Les lapins et les boas
de Fazil Abdulovič Iskander

critiqué par Débézed, le 22 août 2009
(Besançon - 76 ans)


La note:  étoiles
"Notre peur, c'est notre hypnose..."
Renart fut peut-être l’un des premiers à dénoncer la perversité des tenants du pouvoir, du moins dans la littérature française, mais depuis il a eu de nombreux successeurs dans le règne animal et sous divers cieux. Et, dans les petites républiques caucasiennes, si agitées actuellement, Fazil Iskander a inventé, dans un hypothétique pays africain, un royaume où les lapins et les boas cohabitent selon une bien étrange règle tacite. Les boas mangent les lapins après les avoir hypnotisés et les lapins se multiplient le plus vite possible pour perpétuer leur espèce au détriment des indigènes dont ils pillent les jardins.

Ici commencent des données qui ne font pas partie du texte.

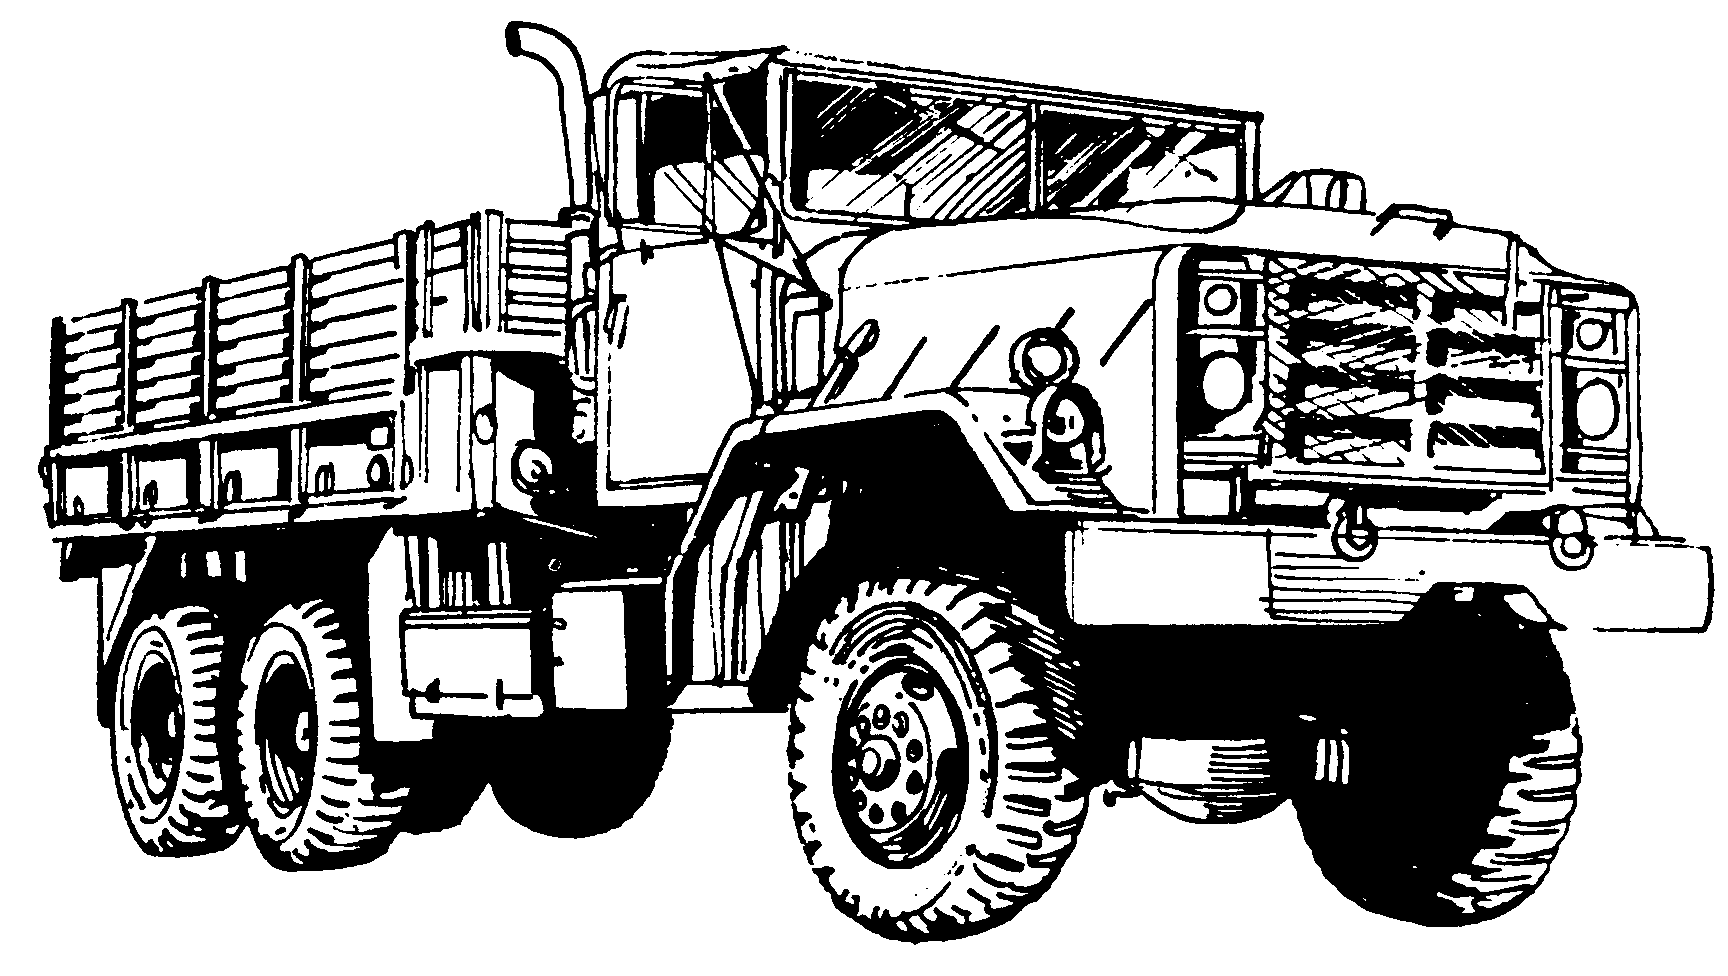 Military Vehicle Equipment Data Tables Illustrated
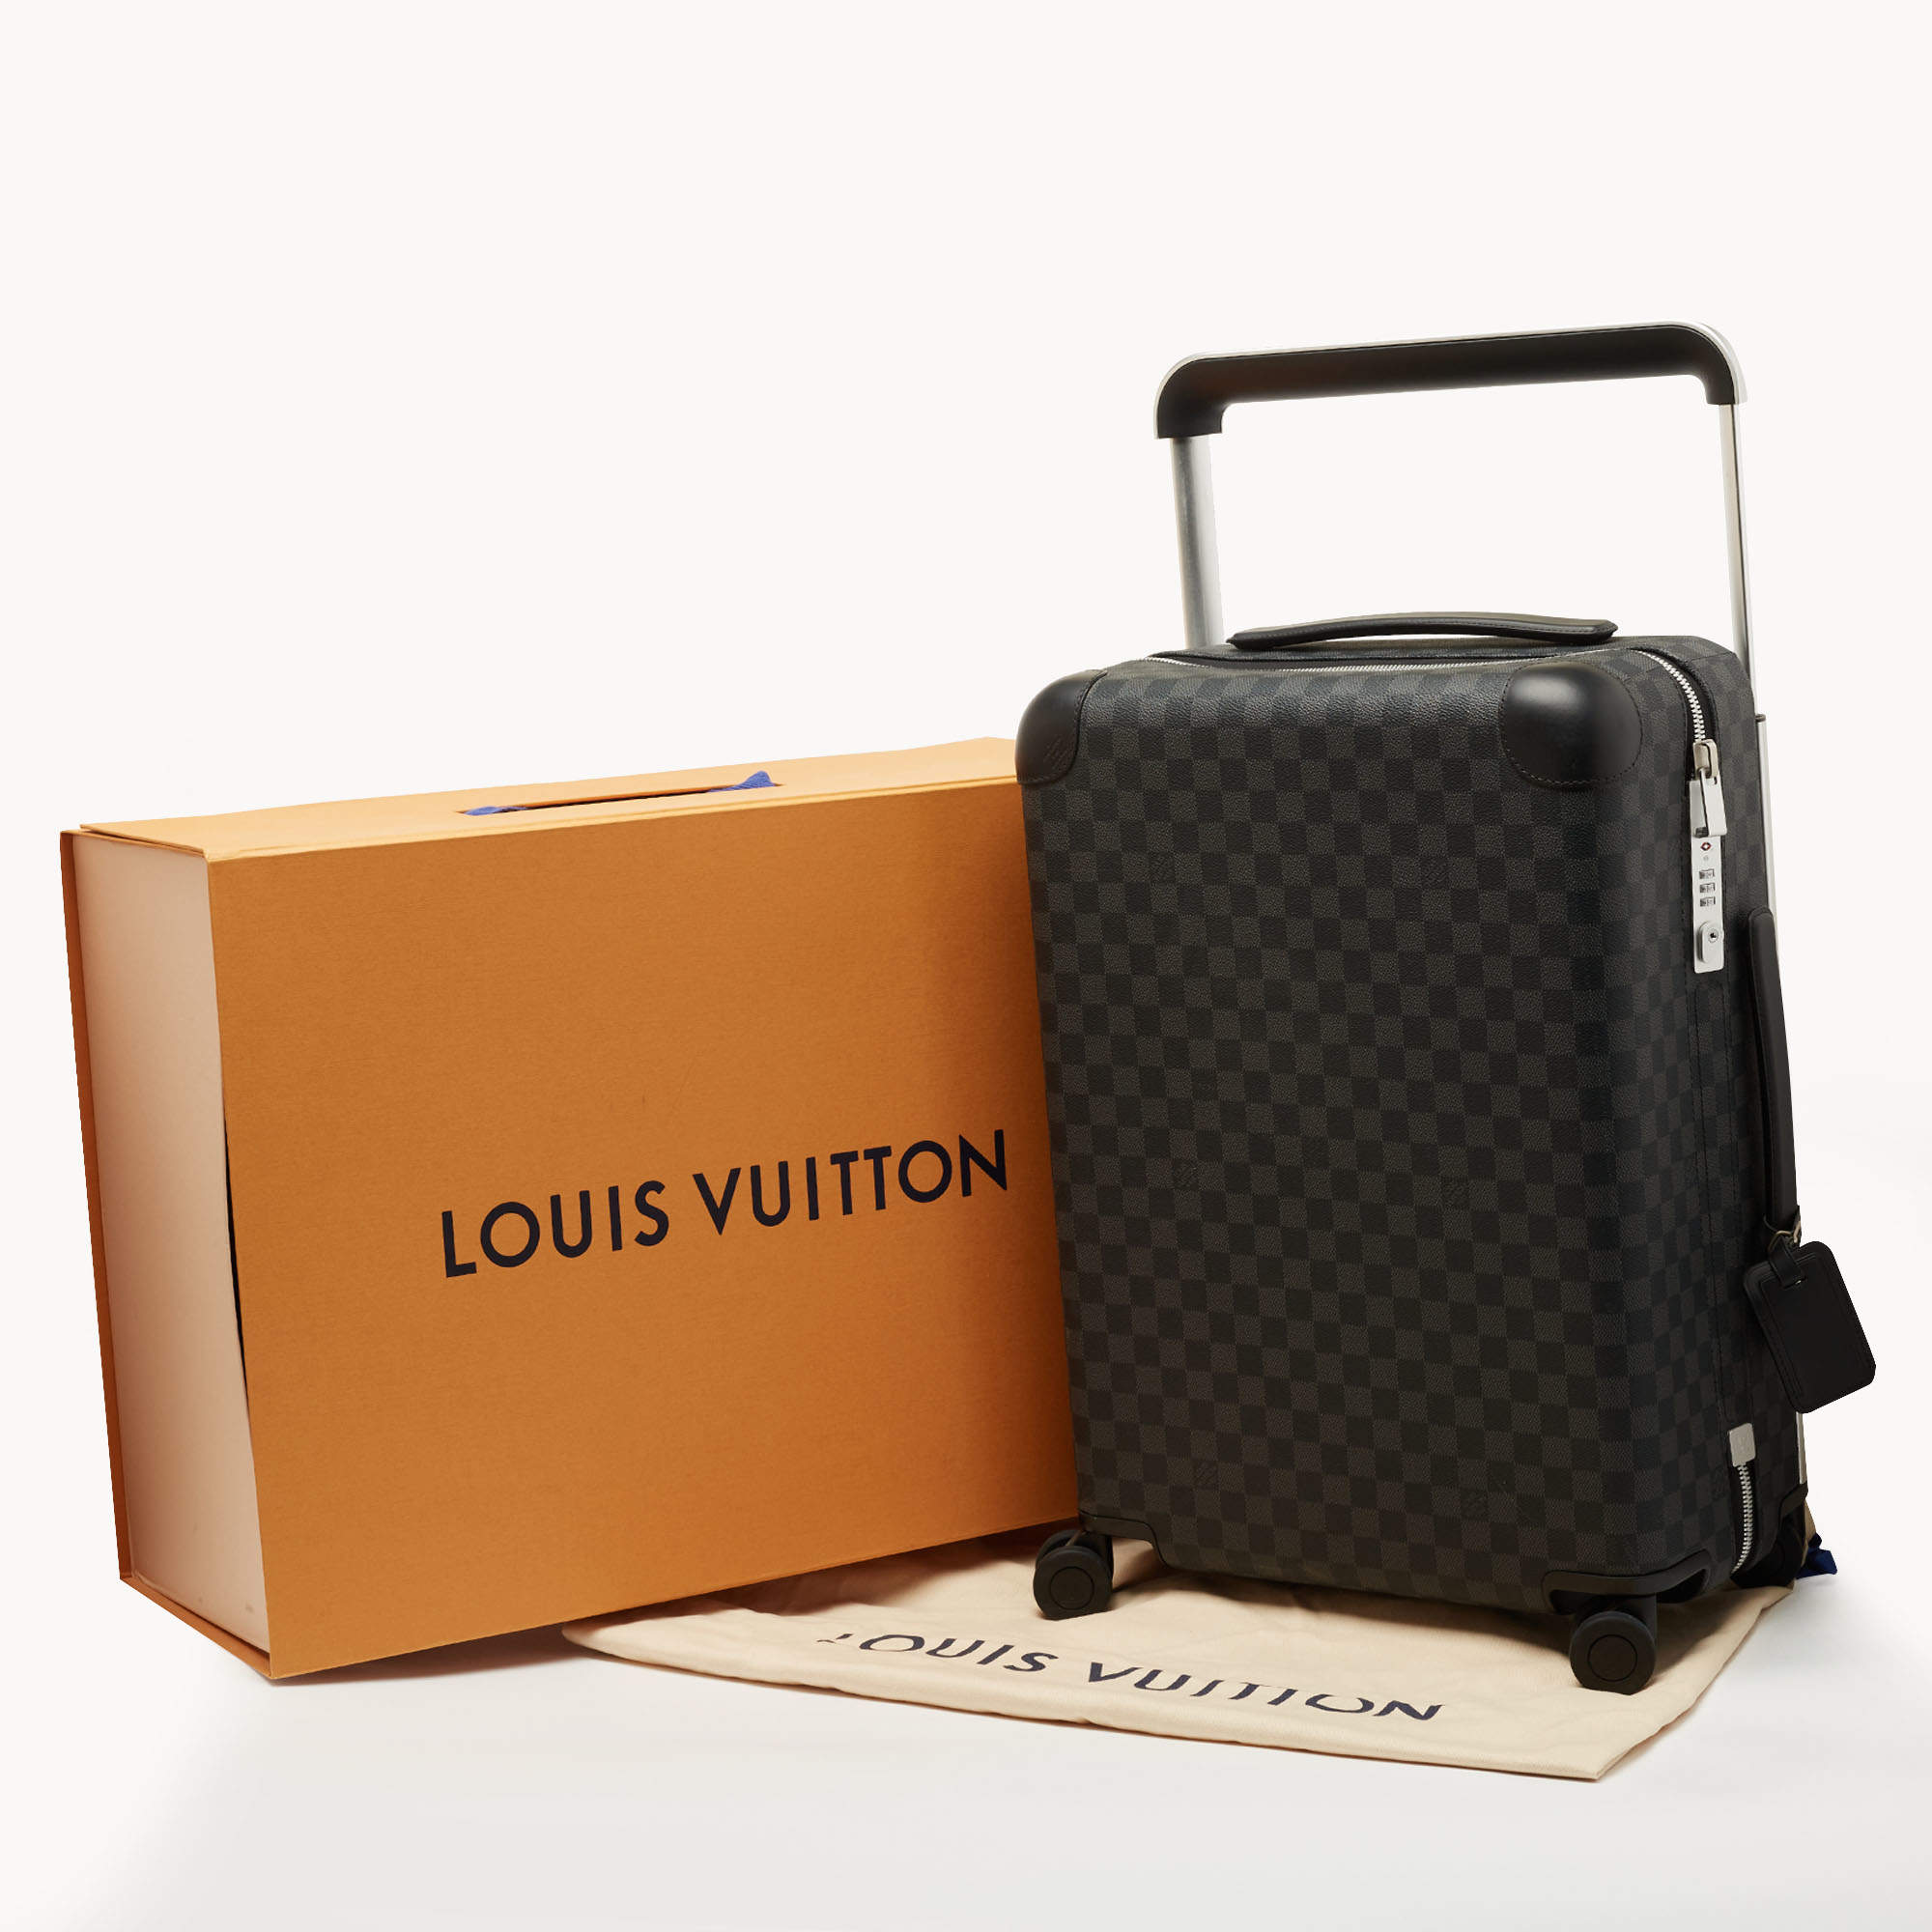 The New Innovative Rolling Luggage By Louis Vuitton Featuring

Mais ce bel équilibre est chamboulé quand un lapin plus malin que les autres constate que « votre hypnose, c’est notre peur. Notre peur, c’est notre hypnose. » Et, donc sans peur, il n’y a plus d’hypnose et les boas ne peuvent plus manger les lapins. Le lapin intelligent a grippé la belle machine et détruit le fragile équilibre qui présidait au pays des boas et des lapins.

Iskander a ainsi, lui aussi, utilisé le bestiaire pour critiquer, à visage masqué, le système politique qui gouvernait l’Union des républiques socialistes et soviétiques à cette époque. En mettant en scène les systèmes sociaux des boas et des lapins, il a stigmatisé toutes les tares que l’on attribue habituellement à ce régime : la terreur, la délation, la flatterie, l’appât du gain, l’usage éhonté du pouvoir, la cupidité, la manipulation, etc… Mais, cette satyre déborde largement le système soviétique et peut s’appliquer à la rigueur un peu aveugle de nos républiques démocratiques et même aux méthodes managériales de bien des entreprises ou autres organismes contemporains.

Toutefois, ce texte n’est pas seulement un pamphlet politique, il est, avant tout, comme c’est indiqué en sous-titre : « un conte philosophique » qui soulève la question du pouvoir et de son exercice dans une organisation sociale quelconque. Et, il veut, surtout, débattre de la vérité et de son usage, « nous avons besoin d’un repère aussi dur que le diamant et la vérité est là ». Cependant, la vérité n’est pas toujours bonne à dire car il faut maintenir une certaine angoisse pour que les populations conservent une saine inquiétude qui maintient un bon instinct de conservation collectif. « Telle est la vie, telle est la loi du renouvellement de l’angoisse. La loi de l’autoconservation de la vie. » Si, la vérité est nécessaire, « il ya peut-être quelque chose de supérieur à la certitude, c’est l’espoir ». Et, cet espoir, il n’est pas évident qu’Iskander l’avait encore en écrivant ce livre à l’humour grinçant et au pessimisme fataliste. Les lapins, pas plus que les boas, ne sortirent de leur médiocrité et les hommes n’oublièrent, pas plus, leurs travers et leur appétit du gain et du pouvoir.

Et, l’humanité risque de mériter encore longtemps les régimes politiques pervers qu’elle génère elle-même par sa faiblesse et son manque de courage et de volonté.